Trotz Gesprächen mit den USA hält die Türkei an ihrer Position fest, den Nato-Beitrittsprozess Finnlands und Schwedens zu blockieren. Er habe US-Außenminister Antony Blinken die Position der Türkei zur Norderweiterung des Militärbündnisses deutlich gemacht, sagte der türkische Außenminister Mevlüt Cavusoglu am Mittwochabend nach einem Treffen mit Blinken der türkischen Presse. Grundsätzlich bewertete Cavusoglu die Gespräche mit seinem US-Kollegen aber als „äußerst positiv“. Blinken sagte, die Bedenken der Türkei seien legitim, betonte Cavusoglu.
Die US-Regierung zeigte sich am Mittwoch optimistisch, dass der Widerstand der Türkei überwunden werden könne. Der nationale Sicherheitsberater von US-Präsident Joe Biden, Jake Sullivan, sagte am Mittwoch, er sei „zuversichtlich“, dass „die Bedenken der Türkei“ angegangen werden könnten und dass die beiden nordischen Länder schließlich dem westlichen Verteidigungsbündnis beitreten könnten. „Wir haben ein sehr gutes Gefühl, wohin das führen wird.“
Beim Nato-Rat am Mittwochmorgen blockierte die Türkei die Aufnahme von Beitrittsgesprächen. Nach Informationen aus Bündniskreisen äußerte Ankara bei dem Treffen Sicherheitsbedenken und machte deutlich, dass man sich zum jetzigen Zeitpunkt nicht einigen könne.
Ein Sprecher des Bündnisses wollte sich zu den Gesprächen im Nato-Rat nicht äußern. Er betonte lediglich, dass Generalsekretär Jens Stoltenberg entschlossen sei, eine schnelle Lösung für Finnland und Schweden zu finden. „Beide Länder sind unsere engsten Partner, und ein NATO-Beitritt würde die euro-atlantische Sicherheit stärken“, sagte er.
Erdogan hat derweil wieder öffentlich deutlich gemacht, dass er die Zustimmung zum Nato-Beitritt Schwedens und Finnlands davon abhängig macht, in Sicherheitsfragen auf sein Land zuzugehen. Für die Türkei gehe mit der Nato-Erweiterung der Respekt vor ihren Interessen einher, sagte er in einer Rede vor seiner konservativ-islamischen Regierungspartei AKP in Ankara.

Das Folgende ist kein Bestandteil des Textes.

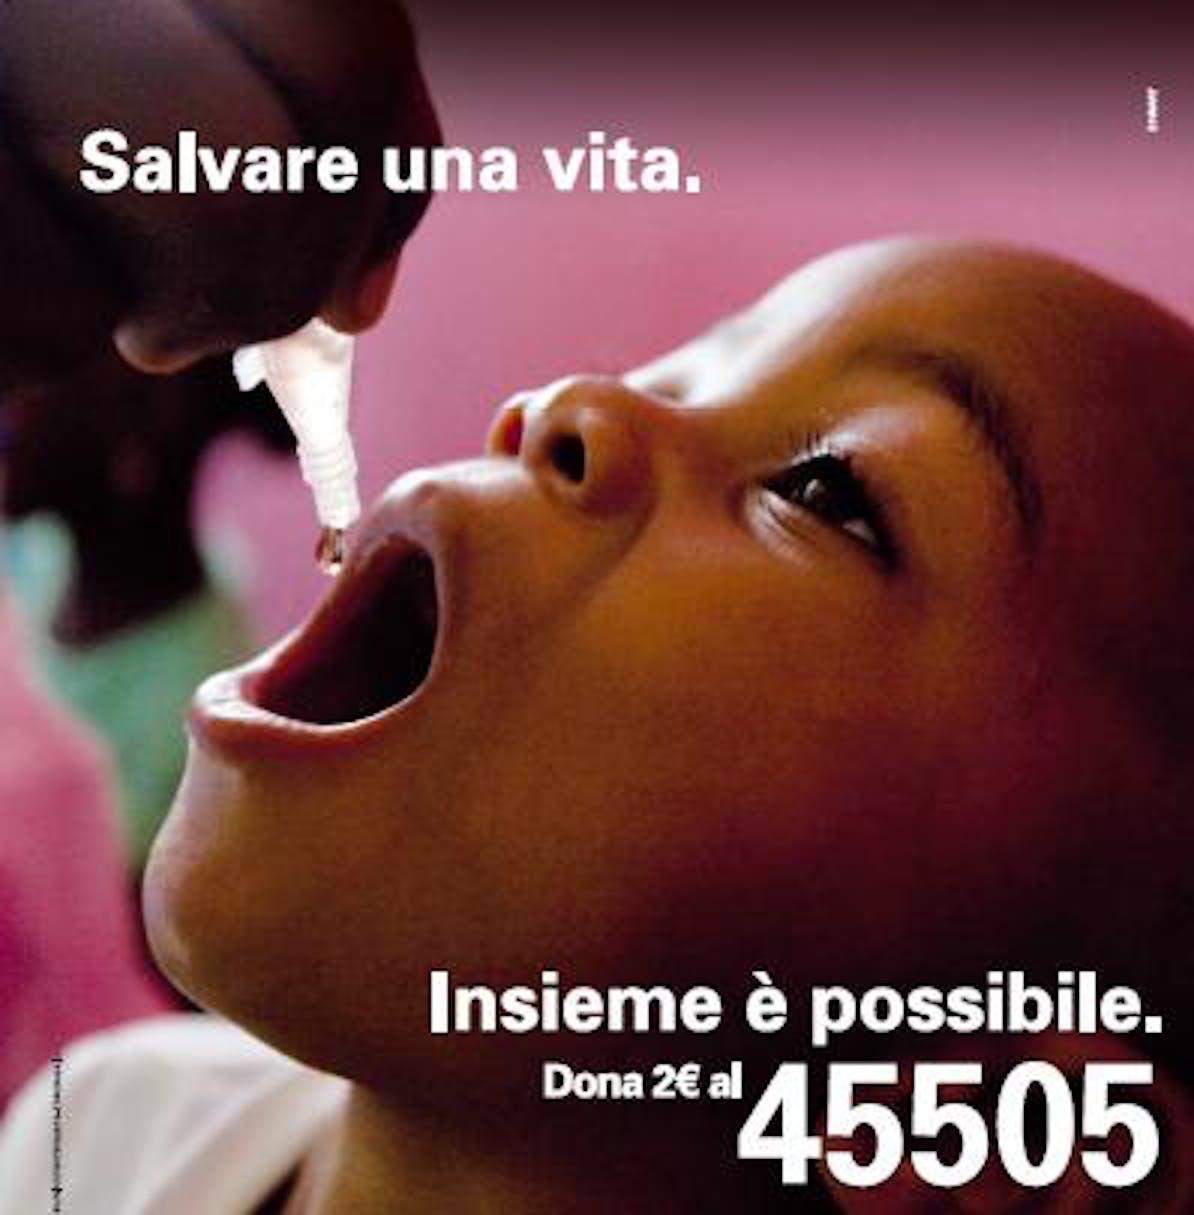 Dal 7 al 28 Maggio dona 2 euro con SMS al 45505 www.unicef.it/vogliamozero
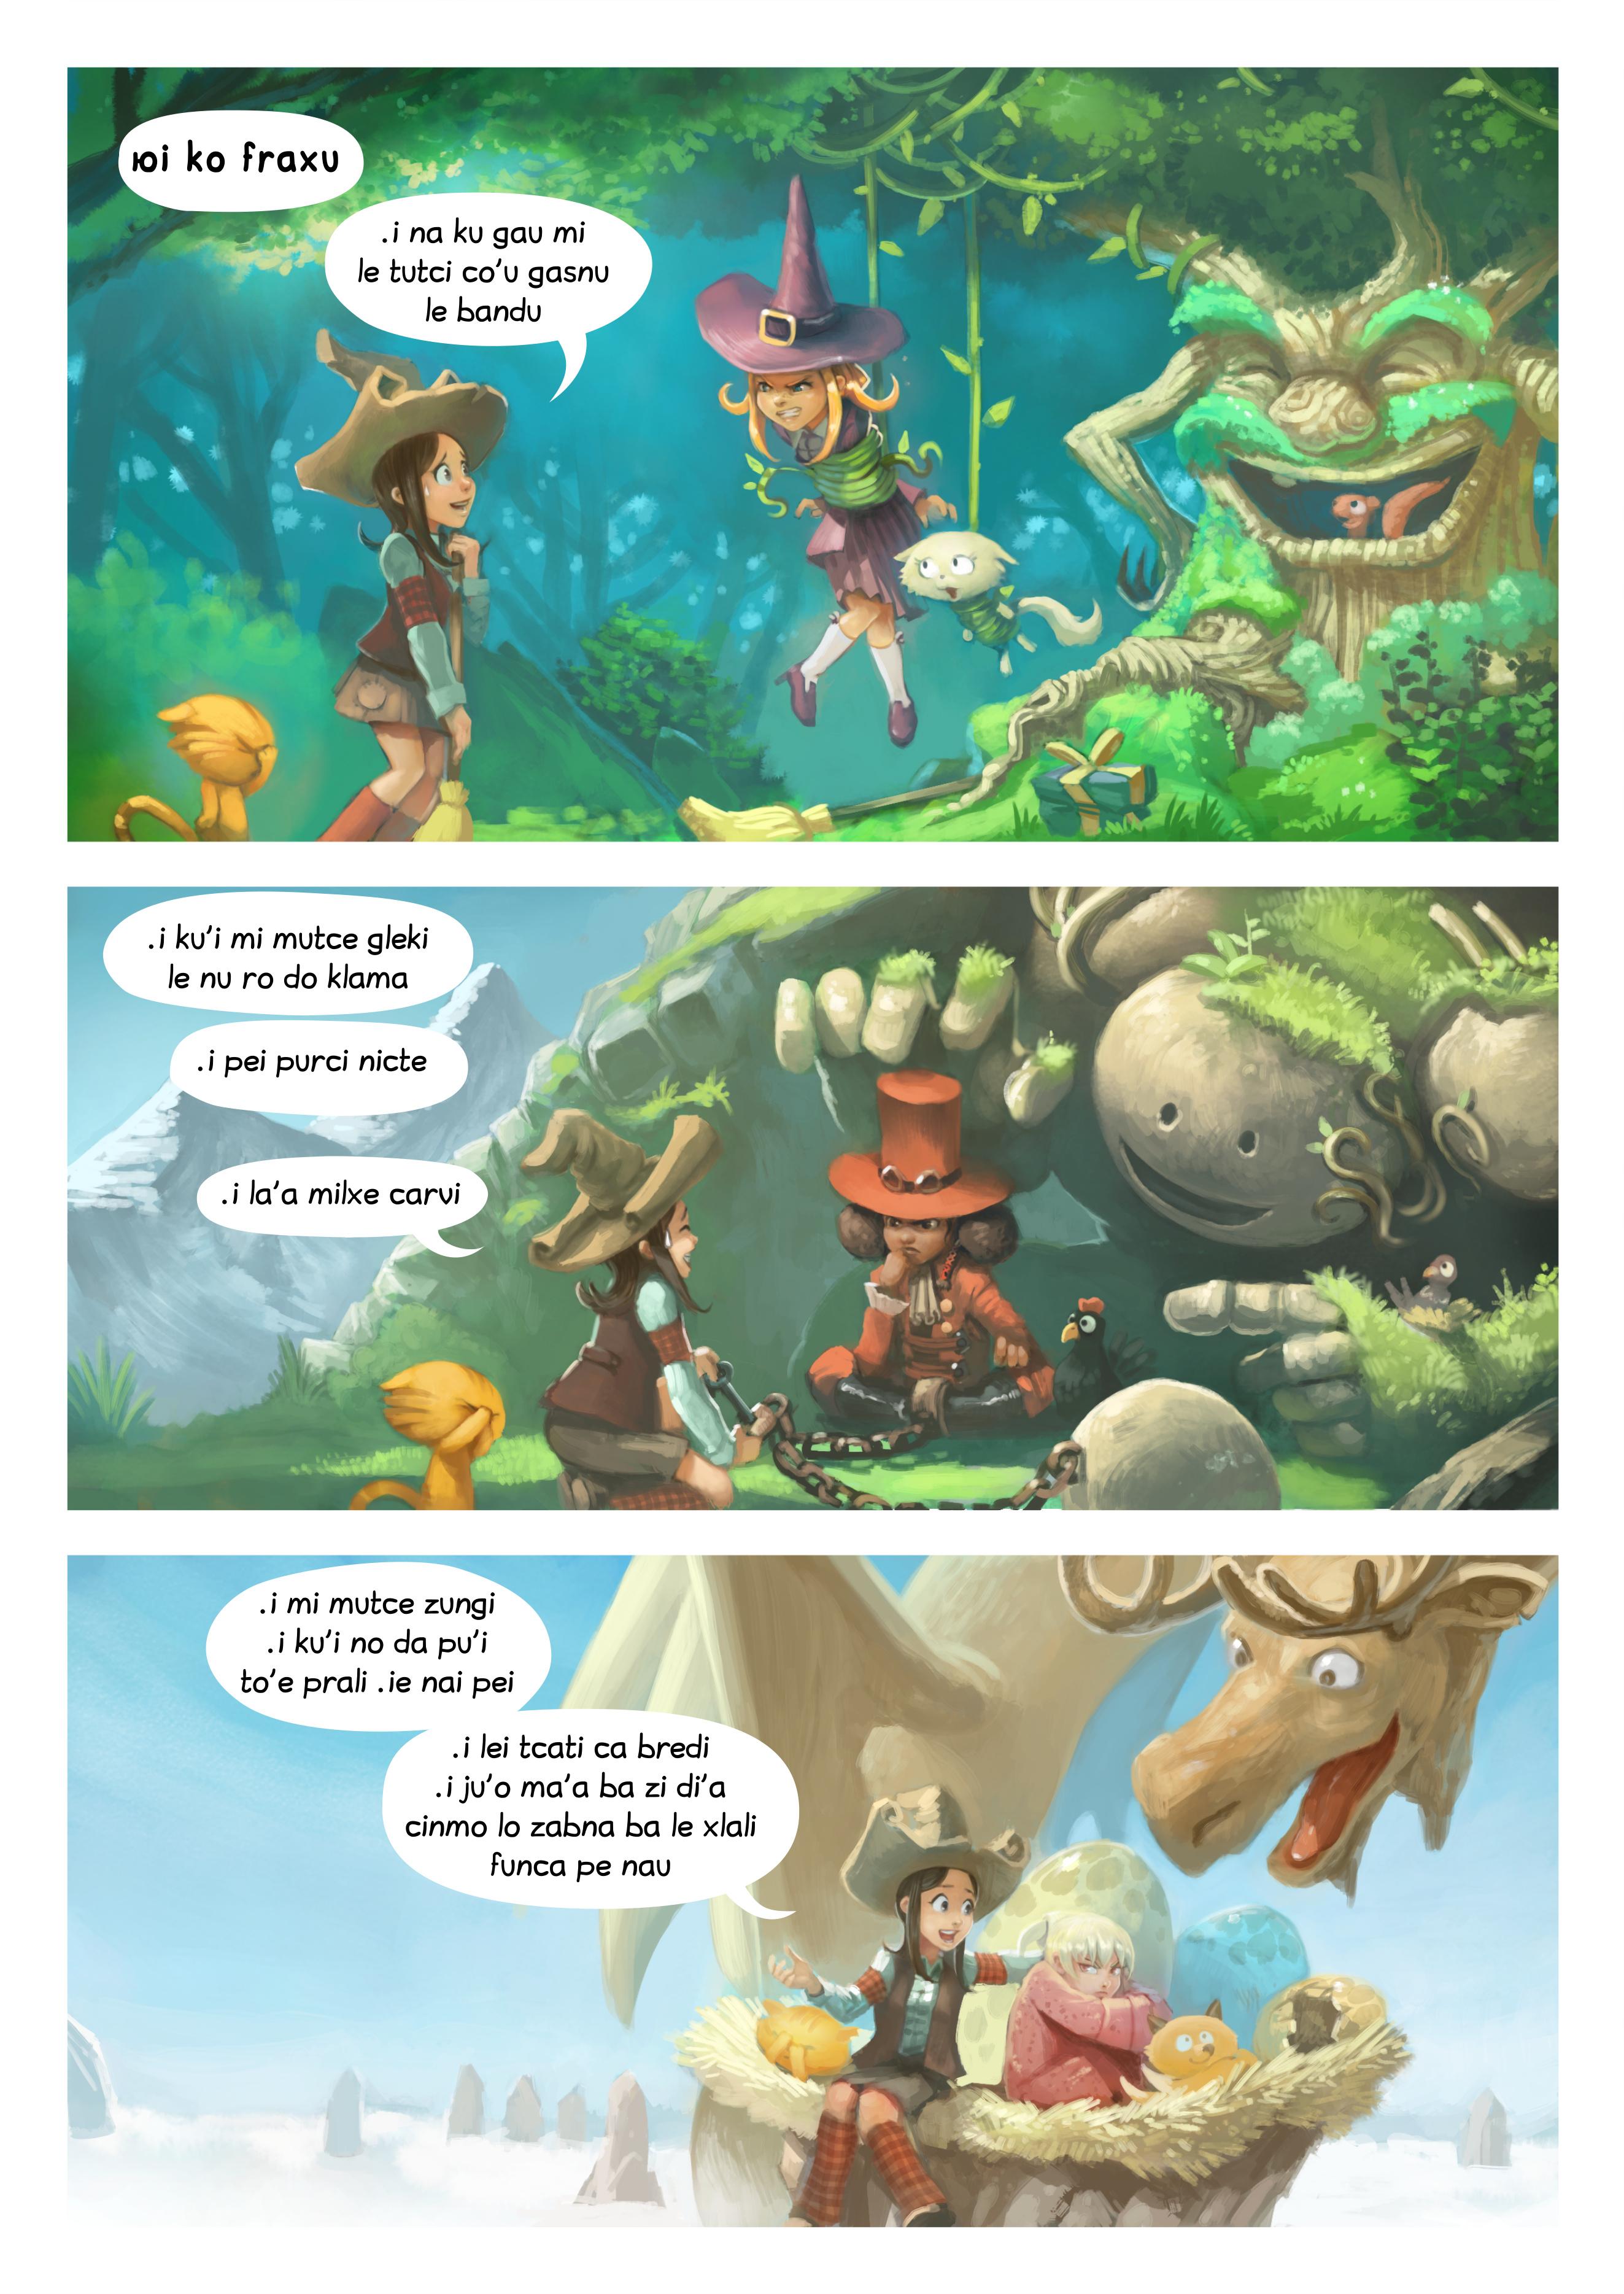 i 9 mo'o lisri le farmako, Page 2

Schweden und Finnland wollten weiterhin „terroristische Organisationen“ unterstützen, kritisierten aber gleichzeitig die Zustimmung der Türkei zur Nato-Mitgliedschaft, meinte Erdogan. „Das ist, gelinde gesagt, ein Widerspruch.“
Erdogan beschuldigte Schweden, sich geweigert zu haben, 30 „Terroristen“ auszuliefern. „Die NATO ist ein Sicherheitsverband. Insofern können wir nicht ja sagen, diese Sicherheitsbehörde unsicher zu machen“.
Erdogan bezeichnet Anhänger der verbotenen kurdischen Arbeiterpartei PKK, die auch in den USA und Europa als Terrororganisation gilt, als „Terroristen“. Auch die Türkei sieht die Kurdenmiliz YPG in Syrien als Terrororganisation – für die USA hingegen ist die YPG in Syrien ein Verbündeter.
Bis vor kurzem war unklar, wie die Türkei daran gehindert werden könnte, ein Veto gegen die Nato-Mitgliedschaft Schwedens und Finnlands einzulegen. Neben Äußerungen der beiden skandinavischen Länder zum Kampf gegen den Terrorismus könnten laut Diplomaten auch Waffengeschäfte eine Rolle spielen. Die Regierung in Ankara etwa will F-16-Kampfjets in den USA kaufen – doch ein möglicher Deal war zuletzt in Washington politisch umstritten.